4. Initialize conda for your shell

   Run command:

   [user@hpc3-xx-yy:~]$ conda init bash
   

   This adds a few lines to your ~/.bashrc file which may not always be desirable for your work with other programs. Edit the ~/.bashrc file and move all the lines added by conda into another file, for example to ~/.mycondainit-2021.11. The lines are at the end of your ~/.bashrc file (lines start end end with conda initialize and all the lines between them):

   # >>> conda initialize >>>
   # !! Contents within this block are managed by 'conda init' !!
       <some lines are cut here>
   __conda_setup="$('/opt/apps/anaconda/2021.11/bin/conda' 'shell.bash' 'hook' 2> /dev/null)"
   if [ $? -eq 0 ]; then
       eval "$__conda_setup"
   else
       if [ -f "/opt/apps/anaconda/2021.11/etc/profile.d/conda.sh" ]; then
           . "/opt/apps/anaconda/2021.11/etc/profile.d/conda.sh"
       else
           export PATH="/opt/apps/anaconda/2021.11/bin:$PATH"
       fi
   fi
   unset __conda_setup
   # <<< conda initialize <<<
   

   Note, your lines will be a little different depending on what conda module was used.
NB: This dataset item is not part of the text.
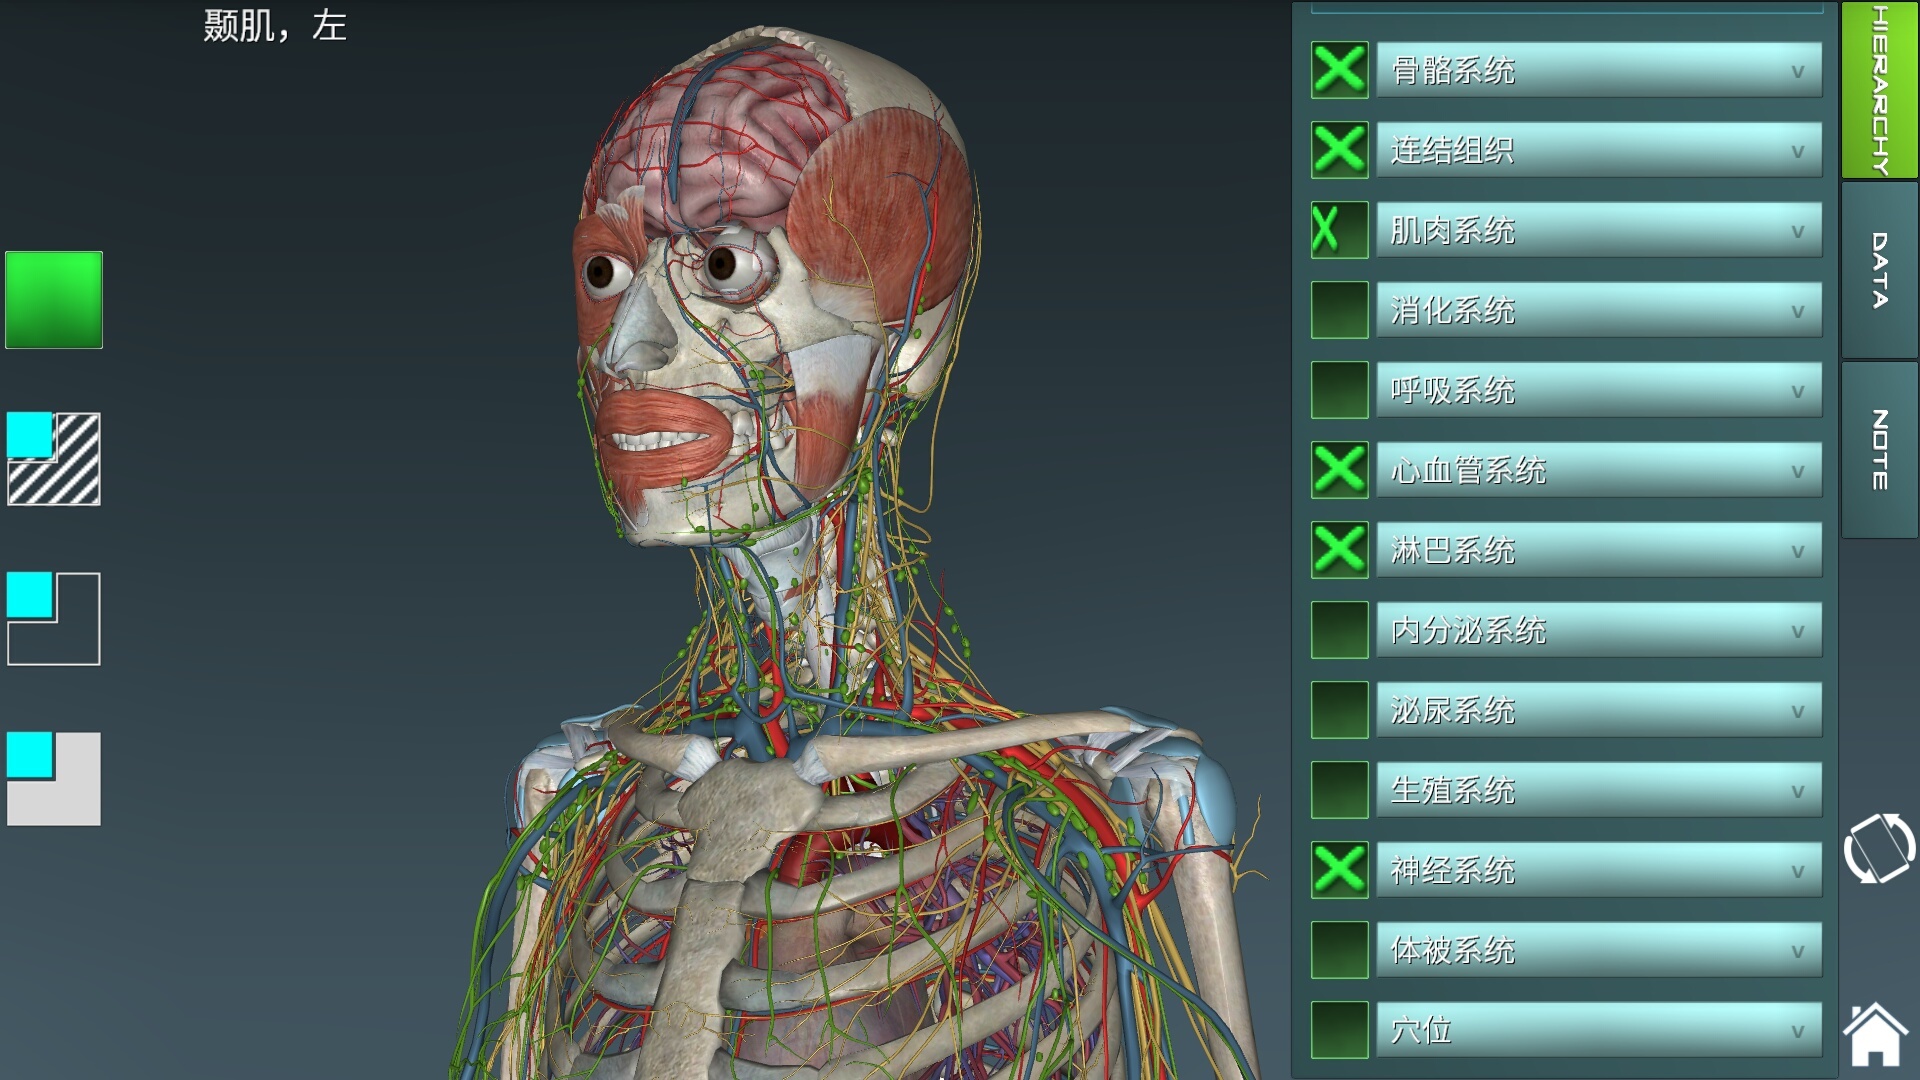 人体正面与背面的躯干骨骼结构-普画网

5. Create a local environment

   Now you are ready to follow the instructions provided by your software package and can create your local conda environment. The name can be anything that makes sense, has to be a single word (no spaces), the exact command will be provided in your software instructions and may have additional arguments in it. Here, as an example we create a local environment called Local2:

   [user@hpc3-xx-yy:~]$ conda create -n Local2
   

   This will take some time to complete as anaconda is installing a lot of packages in your directory ~/.conda and depending on what you are installing it may take 2 - 4Gb of space. You will see a lot of messages and at the end something similar to:

   SomePackage-1.2.1    | 28 KB     | ###################### | 100%
   Preparing transaction: done
   Verifying transaction: done
   Executing transaction: done
   #
   # To activate this environment, use:
   # > conda activate Local2
   #
   # To deactivate an active environment, use:
   # > conda deactivate
   #
   

   The last few lines indicate the commands you will need for activating and deactivating your conda environment.

   Note, sometimes, conda gives the following error (uid will be different):

   Collecting package metadata (current_repodata.json): done
   Solving environment: done
   
   NotWritableError: The current user does not have write permissions to a required path.
     path: /opt/apps/anaconda/2021.11/pkgs/urls.txt
     uid: 1234567
     gid: 1234567
   
   If you feel that permissions on this path are set incorrectly, you can manually
   change them by executing
   
     $ sudo chown 1234567:1234567 /opt/apps/anaconda/2021.11/pkgs/urls.txt
   
   In general, it's not advisable to use 'sudo conda'.
   

   In this case create .condarc file per Step 3 above and try again.

6. Install your software packages

   In the previous step you created your local environment. Before installing software you need to activate it:

   [user@hpc3-xx-yy:~]$ conda activate Local2
   (Local2)[user@hpc3-xx-yy:~]$
   

   Note that after activation your prompt has the name of your conda environment.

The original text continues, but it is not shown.